Die Abkopplung des türkischen Patana in Havanna aus kommerziellen Gründen erfolgt im Kontext eines Energieengpasses in Kuba. Trotz der Wiederinbetriebnahme des thermischen Kraftwerks Guiteras bestehen die Stromausfälle weiterhin.

Schwimmendes Kraftwerk (Referenzbild)Foto © Facebook / Unión Eléctrica (UNE)

Um die Begeisterung bei denen zu dämpfen, die dachten, dass die Rückkehr des thermischen Kraftwerks Guiteras eine Erleichterung bei den Stromausfällen bringen würde, kündigte das Ministerium für Energie und Bergbau an, dass an diesem Samstagdie türkische Barge, die im Hafen von Havanna vor Anker liegt, abgekoppelt wird.

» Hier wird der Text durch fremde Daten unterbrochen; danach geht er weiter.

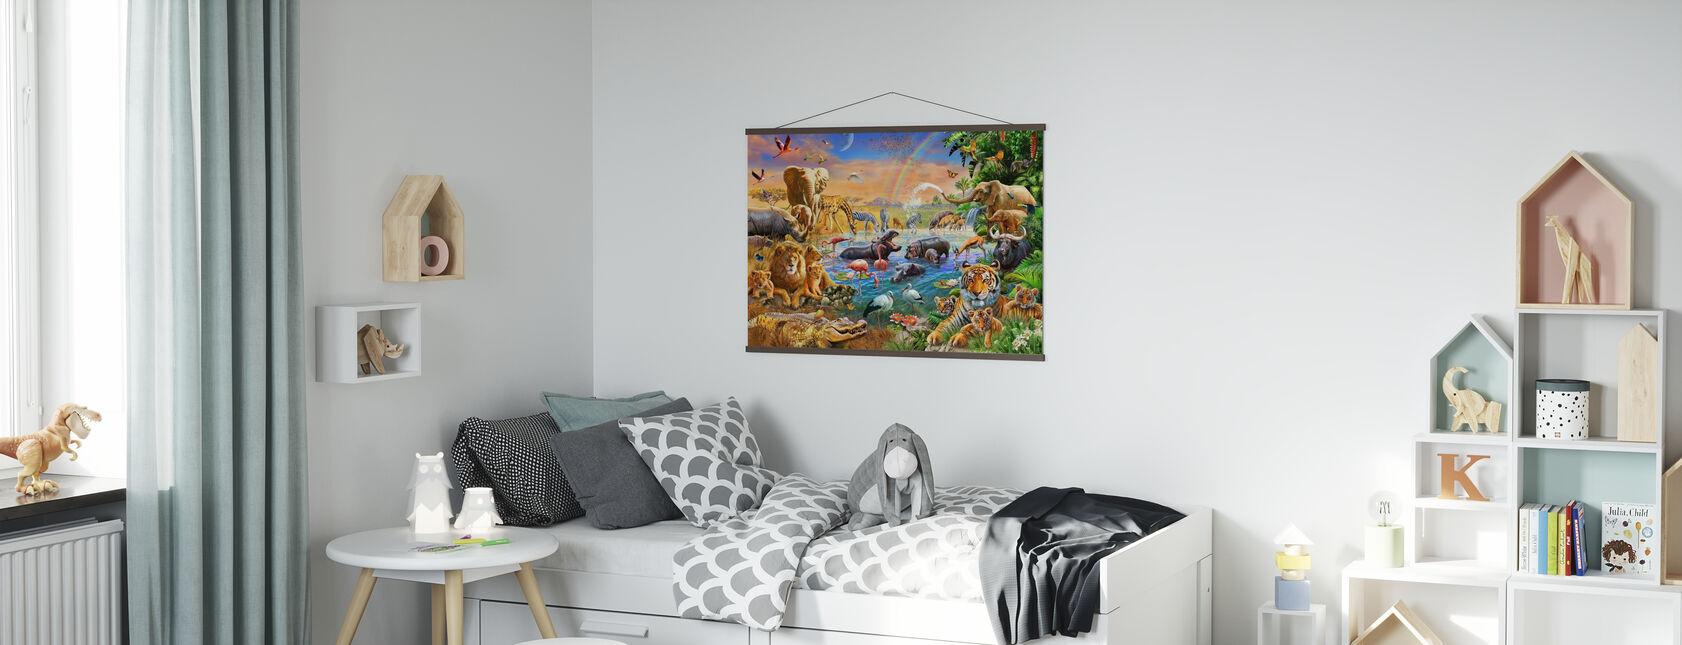 Savannah Jungle Waterhole - Poster - Kids Room
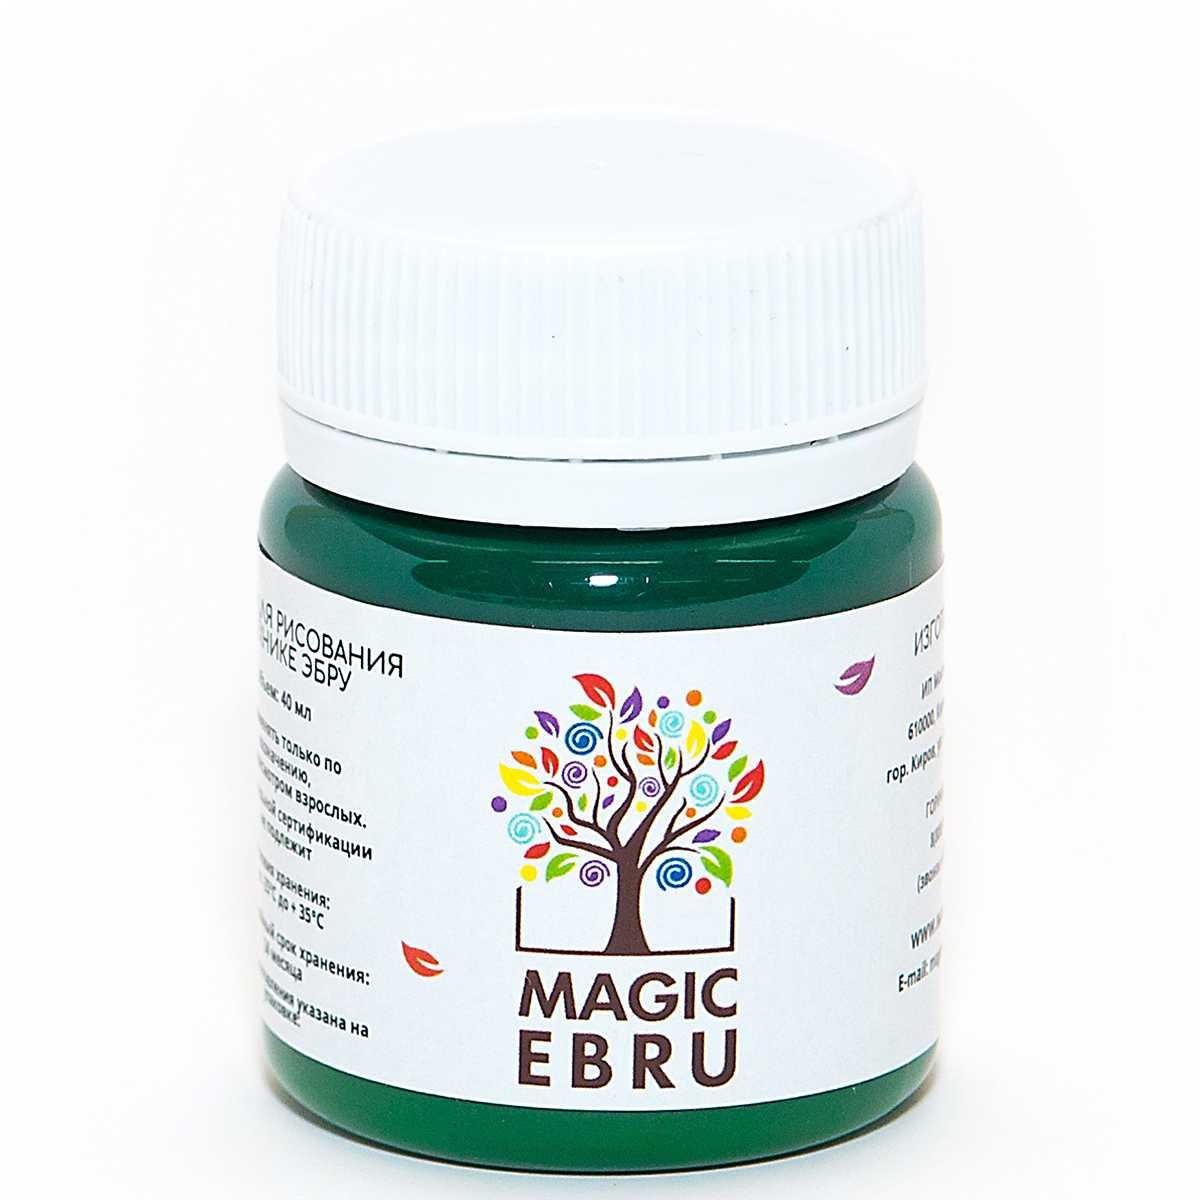 Купить Краска Magic EBRU 40 мл, зеленая, Россия

„Heute wird die Abschaltung der 240 MW Patana in Havanna aus geschäftlichen Gründen stattfinden“, erklärte der Direktor für Elektrizität des Ministeriums für Energie und Bergbau. „Es werden Maßnahmen ergriffen, damit diese Abschaltung die Auswirkungen dieser Tage nicht erhöht“, schrieb der staatliche Journalist Lázaro Manuel Alonso auf Facebook.

De dieser Weise, trotz der Rückkehr zur Nationalen Elektrizitätsversorgung (SEN) des Antonio Guiteras-Kraftwerks, einem der wichtigsten Energieblöcke des Landes, werden die Stromausfälle ohne nennenswerte Veränderungen in ganz Kuba weiterhin bestehen bleiben.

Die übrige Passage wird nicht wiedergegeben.